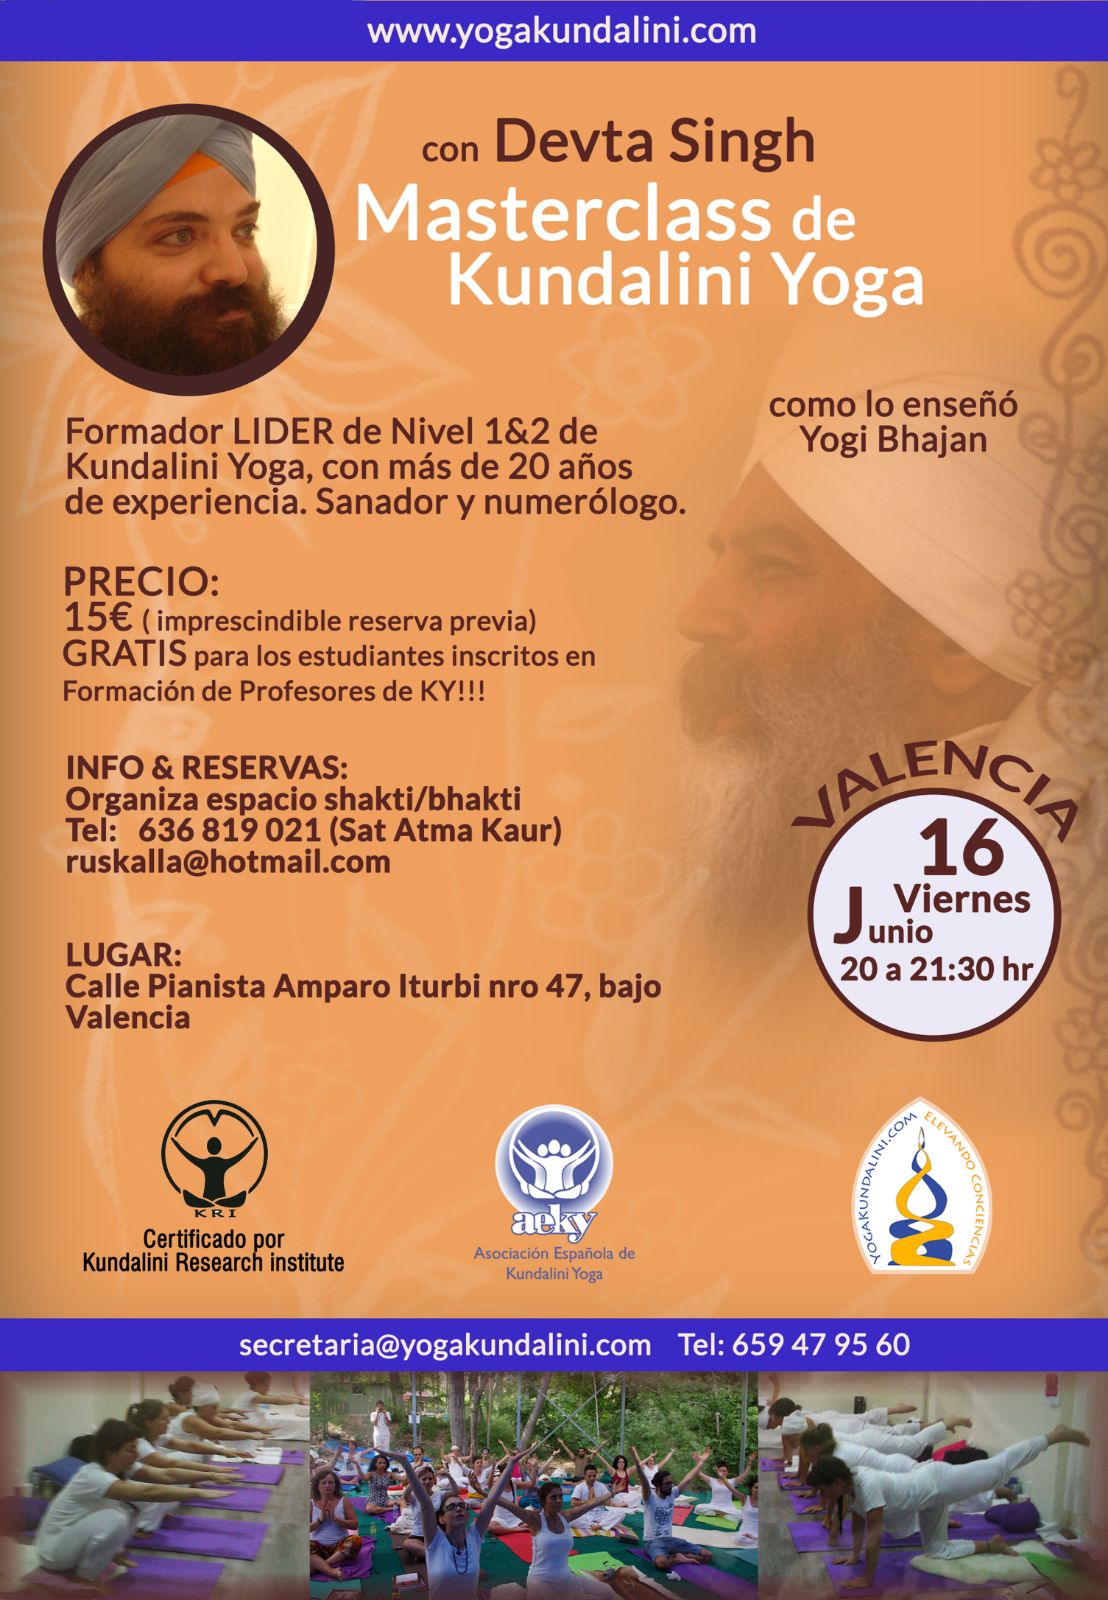 kundalinijunio Viernes 16 de Junio: Master de Kundalini Yoga
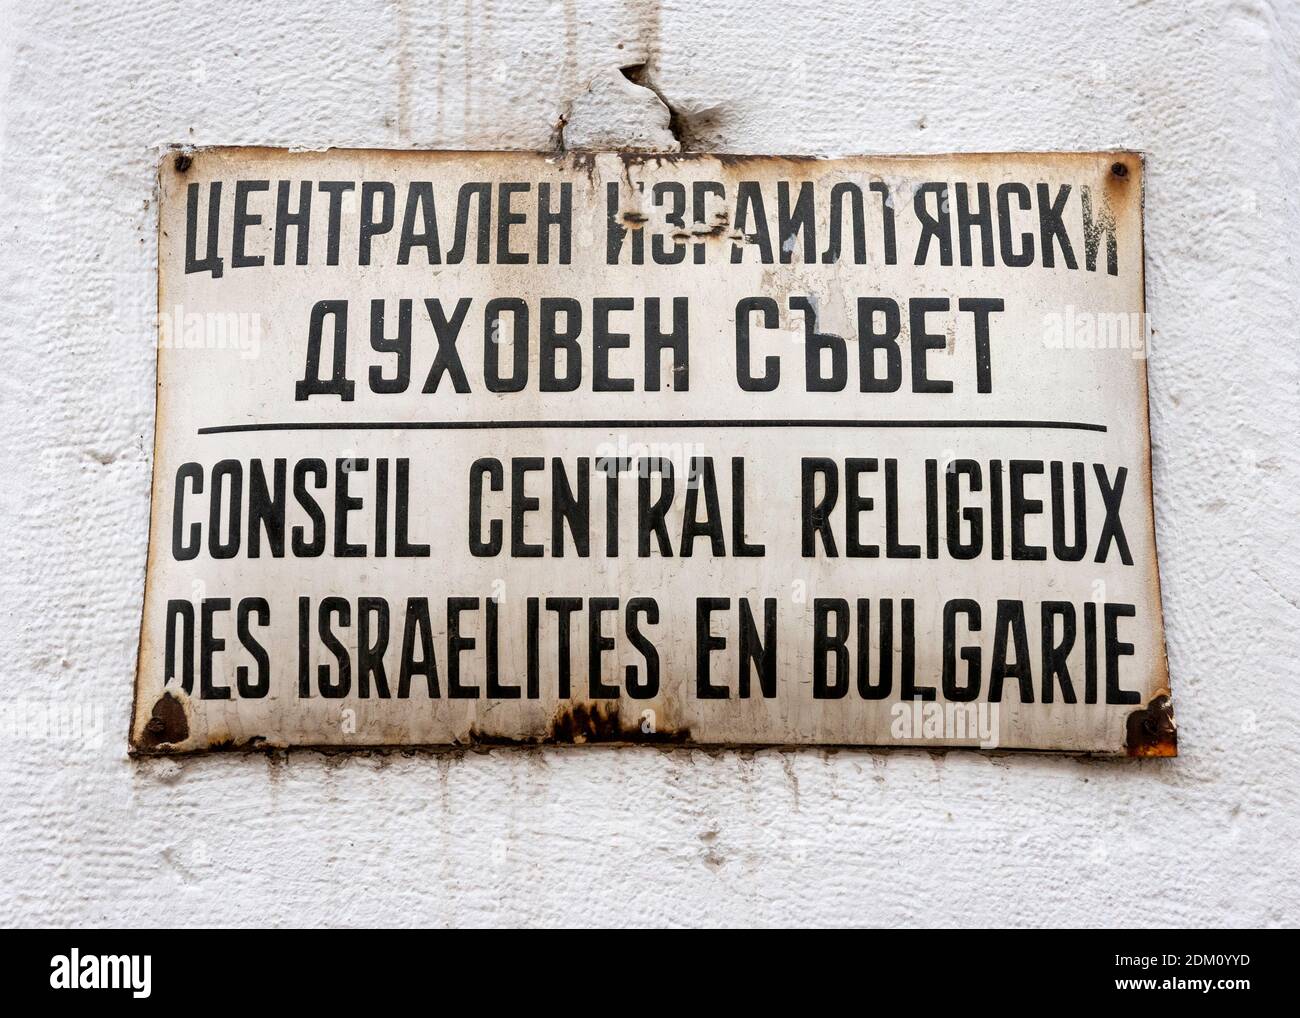 Ancien signe dépassé pour le Conseil religieux juif central de Bulgarie en langue française à la Synagogue ou Shul in Sofia Bulgarie Europe de l'est Banque D'Images
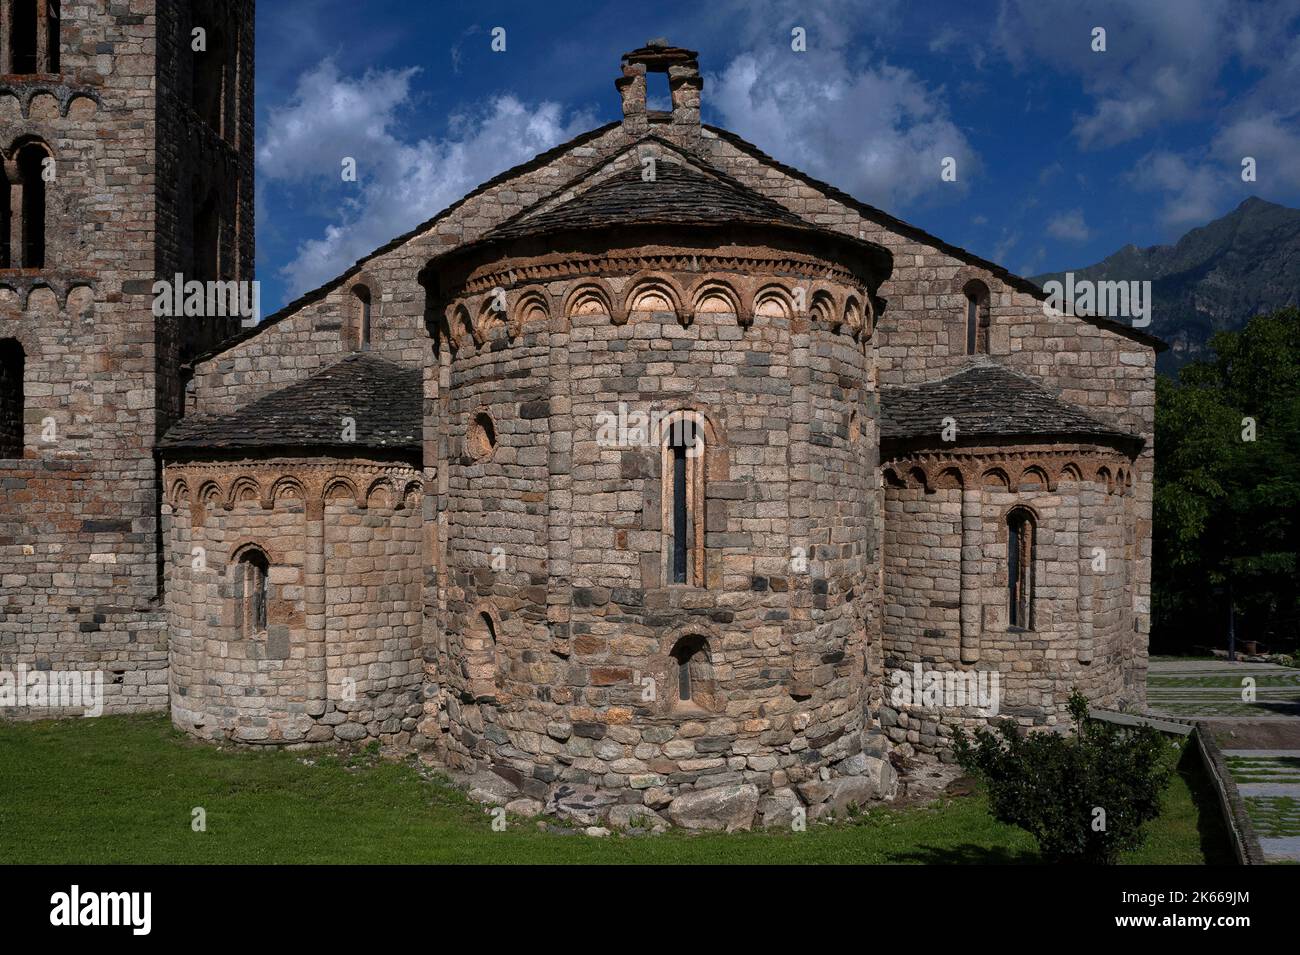 Église romane de Sant Climent, construite au début de 1100s, dans le village de Vall de Boí de Taüll, Catalogne, Espagne. L'église a trois apses orientales semi-circulaires, toutes avec une simple décoration Lombard et des fenêtres à fentes rondes, et un beffroi de style italien. Banque D'Images
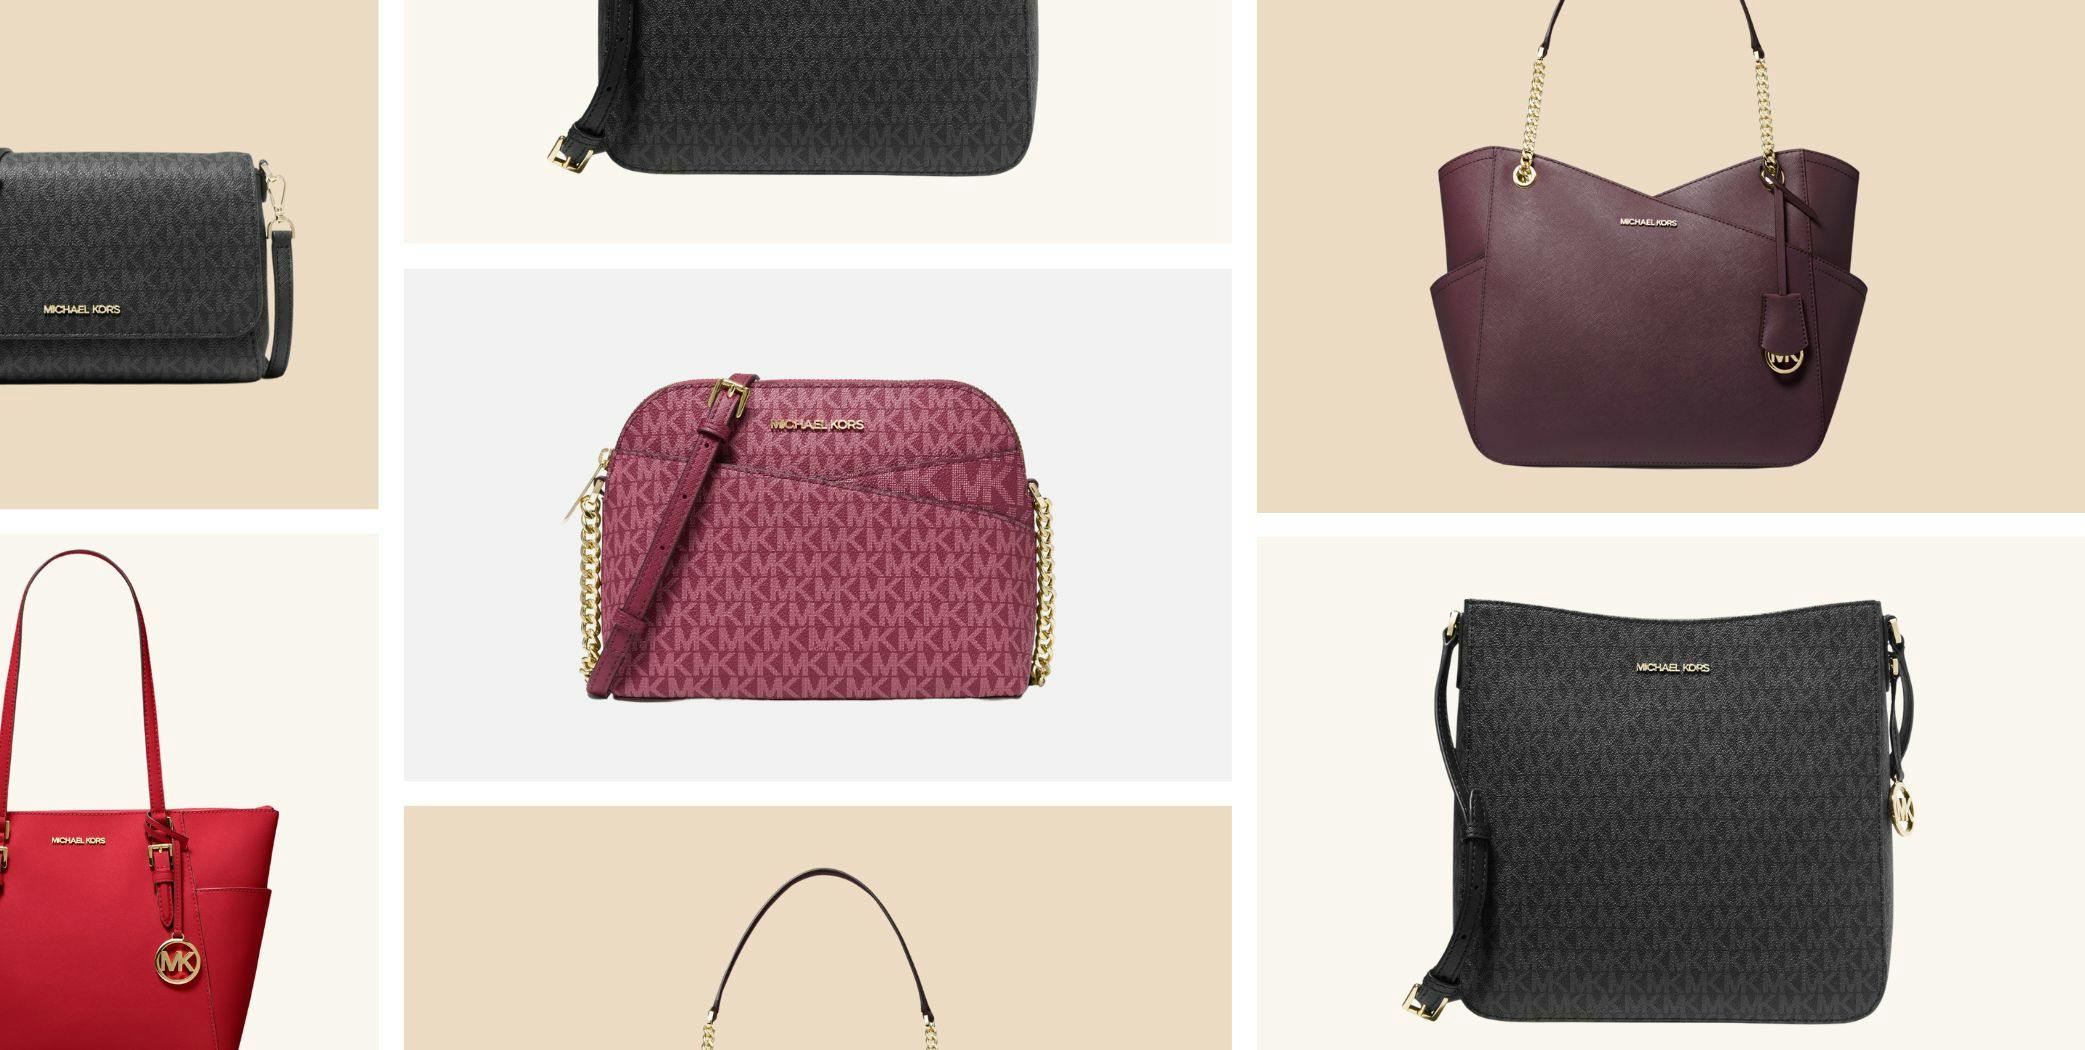 $39 Michael kors Handbags outlet,Michael Kors Bag Purses Outfits

_Activity_
Leave out any pictures, please, and quote only the lines from the top of the data through the line that contains "Église romane de".

_Answer to this exercise_
 kundalinijunio Viernes 16 de Junio: Master de Kundalini Yoga
 Ancien signe dépassé pour le Conseil religieux juif central de Bulgarie en langue française à la Synagogue ou Shul in Sofia Bulgarie Europe de l'est Banque D'Images
 Église romane de Sant Climent, construite au début de 1100s, dans le village de Vall de Boí de Taüll, Catalogne, Espagne. L'église a trois apses orientales semi-circulaires, toutes avec une simple décoration Lombard et des fenêtres à fentes rondes, et un beffroi de style italien. Banque D'Images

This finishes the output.